Under construction vs ready to move
| Under construction | Ready to move | |
|---|---|---|
| Price | Typically 10–30% lower | Highest price |
| GST | 5% (1% for affordable housing), with no input tax credit | Nil — if the completion certificate has been issued |
| Possession | 1–5 years away. May slip. | Immediate |
| Risk | Delay, quality shortfall, worst case a stalled project | You can see exactly what you're buying |
| What you see | A brochure, a sample flat, a 3D render | The actual flat, the actual view, the actual neighbours |
| Payment | Staged, over years — easier on cash flow | Full amount at once |
| Rent | You keep paying rent while you wait | Rent stops the day you move in |
| Home loan interest deduction | Cannot claim until possession. Pre-possession interest is claimable in 5 equal instalments after possession, capped within the ₹2 lakh limit. | Claimable from the first year |
| Appreciation | Higher potential — you buy at an earlier price | Lower — the appreciation has largely happened |
| Choice of unit | Wide. Pick your floor, your view. | Whatever is left |
The GST line is the one buyers forget. On a ₹1 crore under-construction flat, 5% GST is ₹5 lakh you do not pay on a ready-to-move flat with a completion certificate. It closes a large part of the price gap.
Who it suits
It suits you if: you have time, you are buying with a long horizon, cash flow matters more than certainty, you want a specific floor or view, and you are prepared to verify the builder properly.
It doesn't if: you need to move soon, you are already paying rent you can't easily absorb alongside an EMI, or the builder has any history of delay you can find on a RERA portal.
Frequently asked questions
Is GST applicable on under construction property?
Yes — 5% of the purchase value, or 1% if it qualifies as affordable housing, with no input tax credit available to you. On a Rs 1 crore flat that's Rs 5 lakh. A ready-to-move flat with a completion certificate attracts no GST at all.
Can I claim home loan interest on an under construction flat?
Not until you take possession. Interest paid during construction is called pre-construction interest.

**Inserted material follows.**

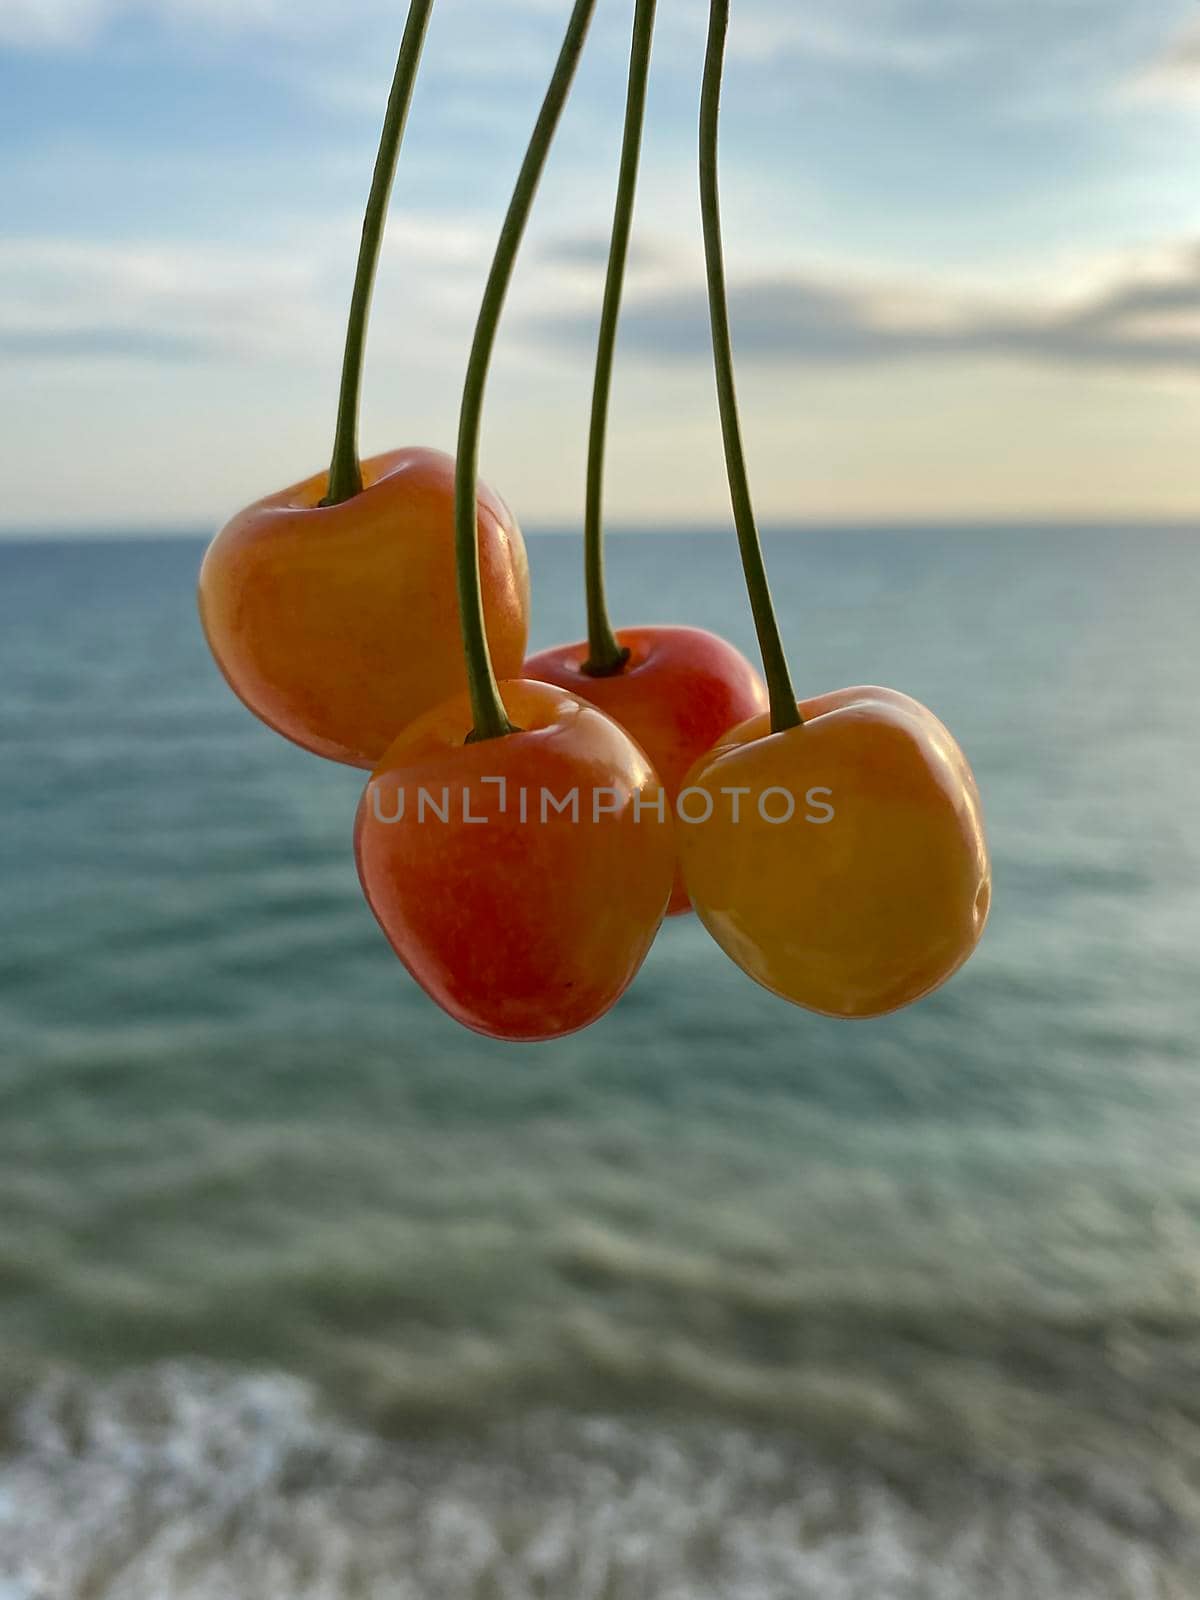 yellow cherry fruits on the background of the seascape

After possession you may claim it in five equal annual instalments — but within the same Rs 2 lakh annual Section 24(b) cap, not on top of it. In practice the benefit is deferred by however long construction takes.
How much cheaper is under construction property?
Typically 10% to 30% below a comparable ready-to-move flat. But subtract the 5% GST you'll pay and the tax deduction you'll defer, and the real gap is narrower than the headline suggests.
What happens if the builder delays possession?
Under RERA you're entitled to interest for every month of delay beyond the date declared in the agreement, at the same rate the builder would charge you for a late payment. You may also withdraw entirely and claim a full refund with interest.
How do I check if an under construction project is safe?
Look it up on the state RERA portal. Check the declared possession date against what the sales team told you, and check the quarterly progress filings. A project that has stopped filing them has usually stopped building — that's the earliest warning you'll get.